Businesses of every type and size cannot run without information technology. The benefits and opportunities for innovation are numerous, but so are the risks.
Should the business fall victim to a security breach, or a natural disaster that brings it to a standstill, it needs to recover and get up and running as soon as possible. “For this reason, all organisations need to have strategies in place to cover incident response, awareness training, disaster recovery and business continuity,” says Simon Campbell-Young, MD of Credence Security.
Not only can security events cause downtime and recovery hassles, they can also result in legal complications, insurance claims and regulatory issues. During the course of recovery and investigation, there may be claims against third-party partners, employees or even the business itself, depending on what led to the incident.
“The company needs to establish what caused the event. It could be carelessness or negligence; it could be malfeasance or fraud,” he adds. “This is why analysing the event and collecting digital evidence has become crucial.”
According to Campbell-Young, all incidents will leave digital footprints. “Irrespective of the system or device, a trail is always left. This is where cyber forensics, or using IT and legal knowledge to analyse and use the digital evidence found, comes in.’

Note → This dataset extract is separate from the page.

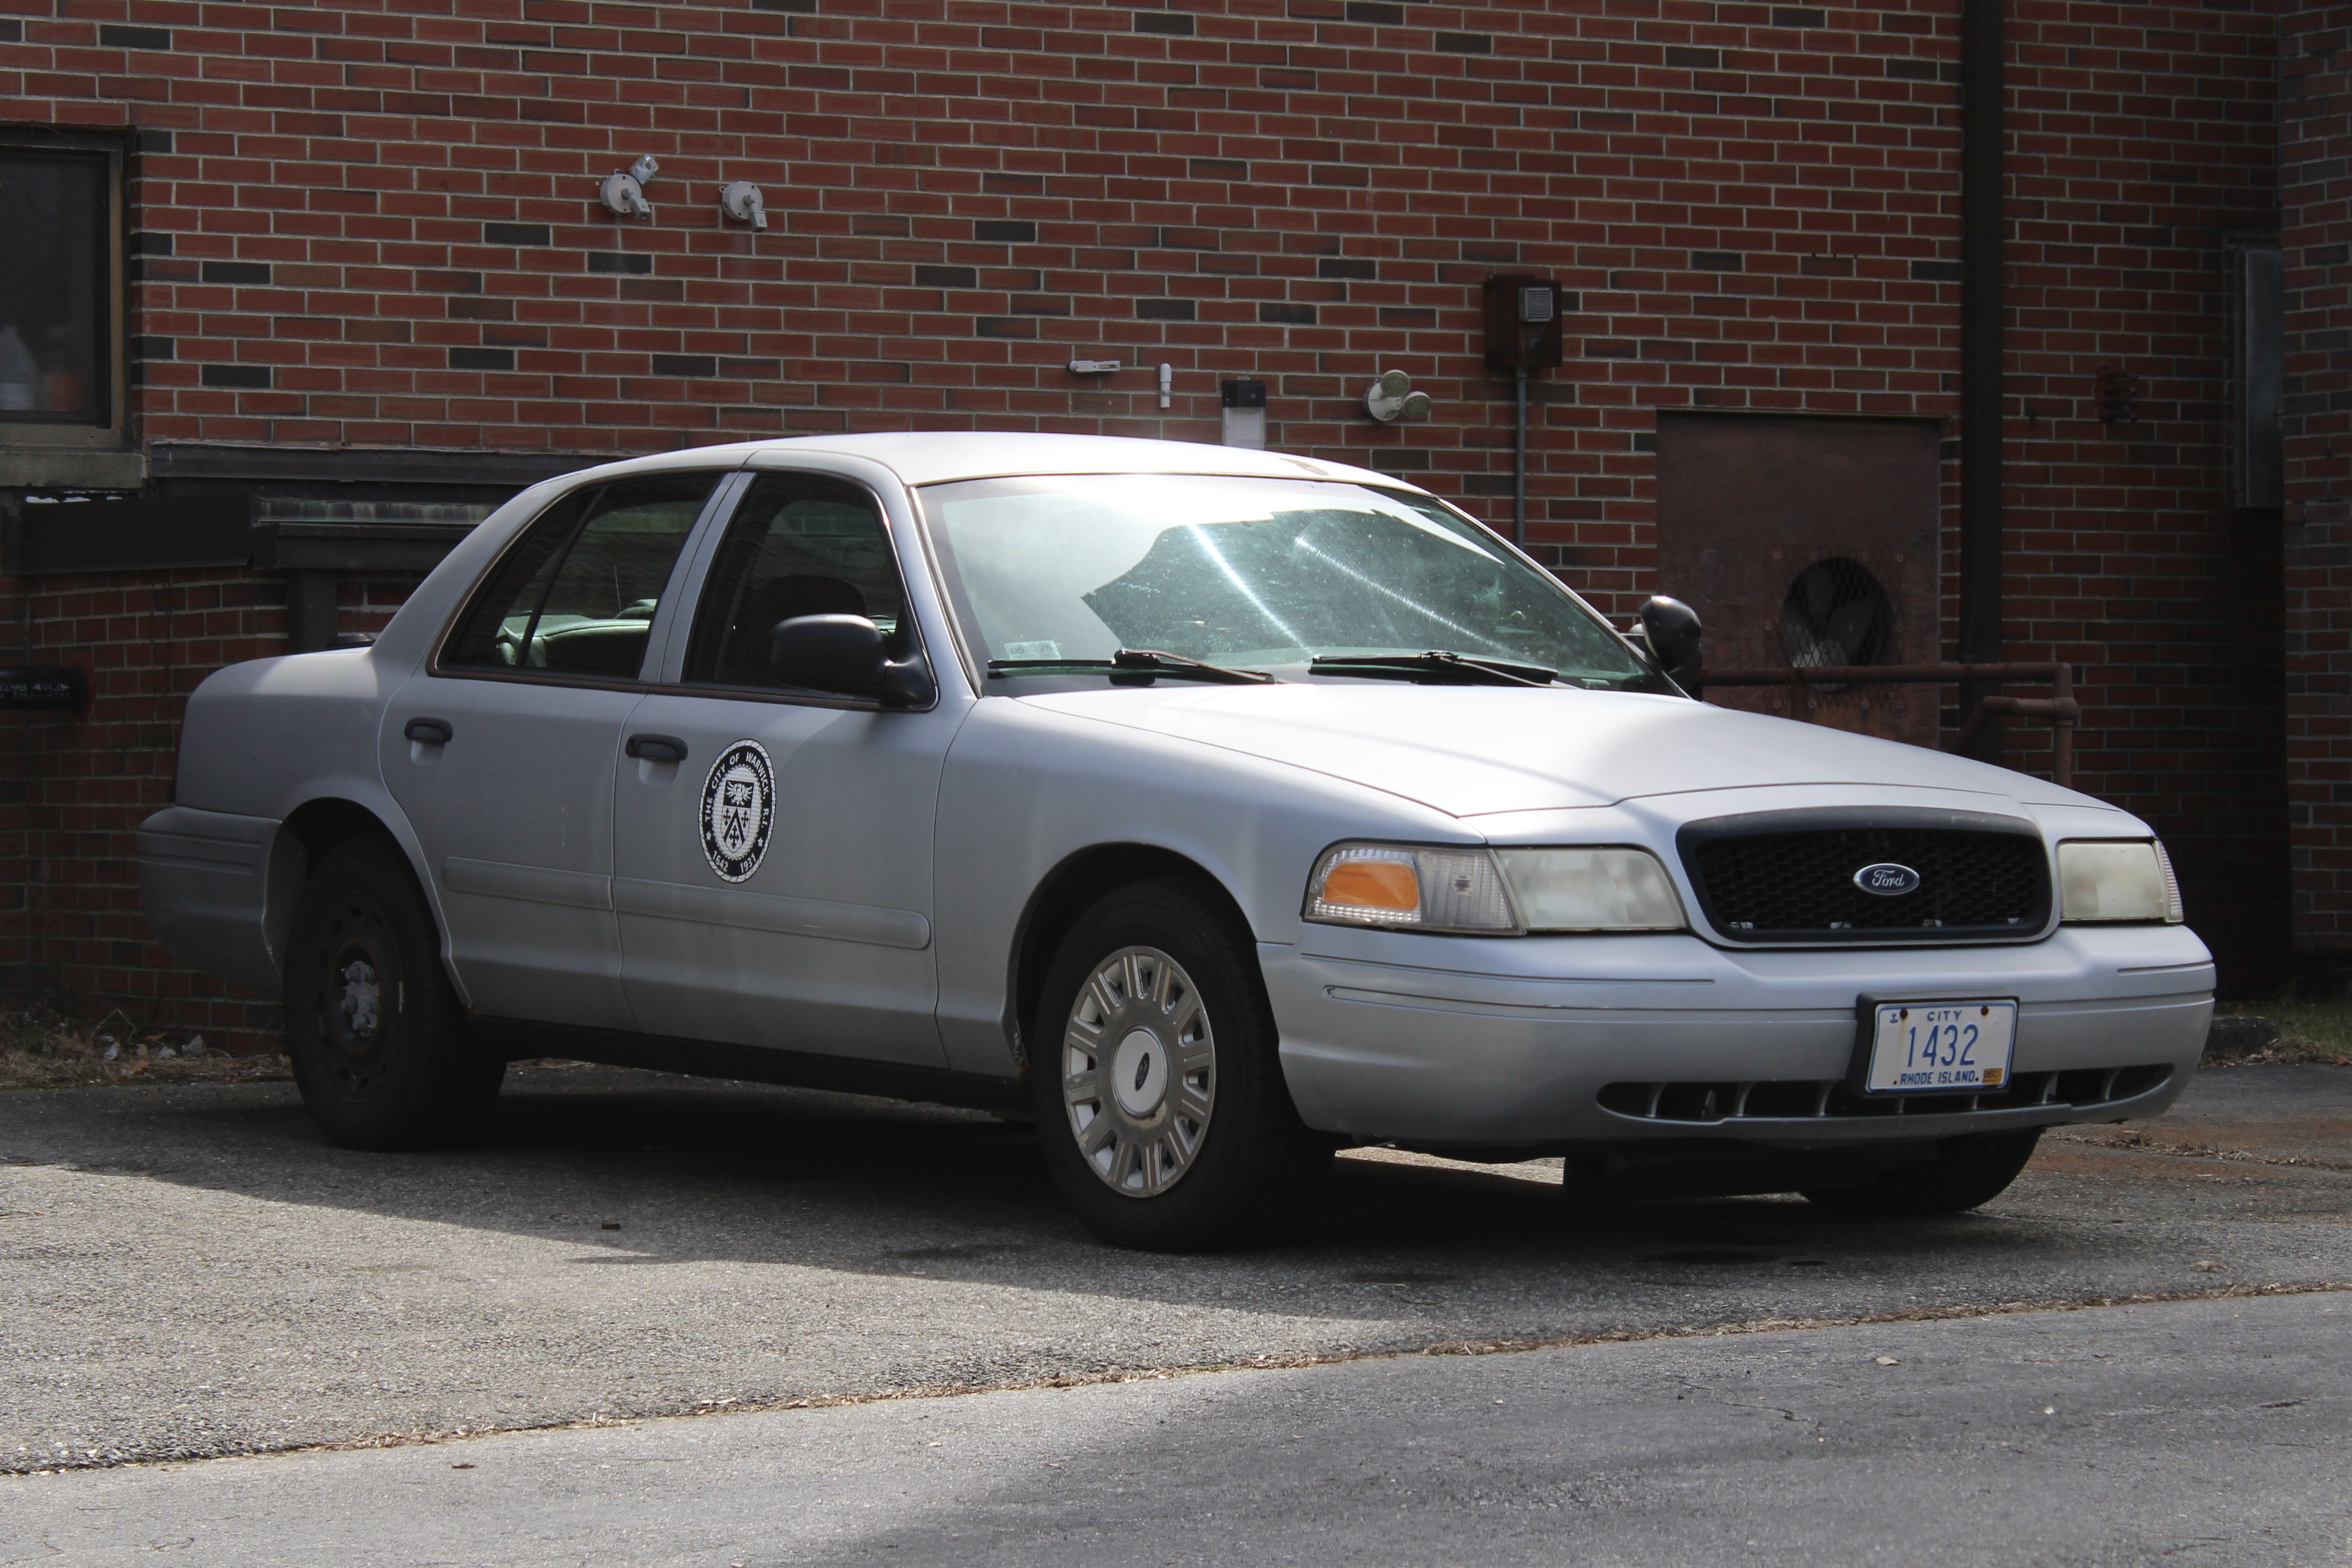 A photo  of Warwick Public Works
            Car 1432, a 2003-2005 Ford Crown Victoria Police Interceptor             taken by @riemergencyvehicles

Cyber forensics is mostly used for investigations that, due to regulatory or criminal elements, will end up in court, and as such, the evidence needs to be collected and stored in a legally acceptable manner. “This evidence is easy to lose or distort, and must be handled and preserved in a manner that guarantees that this hasn’t happened.”
He says there are several digital forensics tools and techniques that can be used to trace the trail of an event, recover any lost data and files, as well as for monitoring to establish whether any abuse has occurred. “But perhaps its most valuable application is the way these tools can be used to identify what caused the incident, and to gather evidence for use by law enforcement and the legal system.”
Every day, in the course of the running of the business, a slew of digital data and records are generated. “All these records and other bits of information can become critical pieces of the puzzle in the event of a security breach. Much of this data is stored and preserved as a matter of course by the disaster recovery and business continuity processes, as well as the data retention policies. All businesses have backup files, system monitoring logs, and even camera footage. However, there is a lot of digital information that isn’t stored automatically, and might be needed should a security event occur.”
Campbell-Young says this evidence could take the form of IM chats or emails, or even SMS messages on smartphones and other devices. “It is impossible to predict exactly what data may be required in the event of an incident, or whether it will be needed for regulatory purposes, or merely for an internal investigation.”
He says this is why forensic readiness is so important. “Forensic readiness helps a business automate its actions and activities so that retrieving digital evidence becomes second nature, without any issues. “The ideal is to have systems in place that record and store digital evidence in the legally appropriate manner as a matter of course. In this way, irrespective of the incident, the evidence is available, without having to impact on operations or productivity.”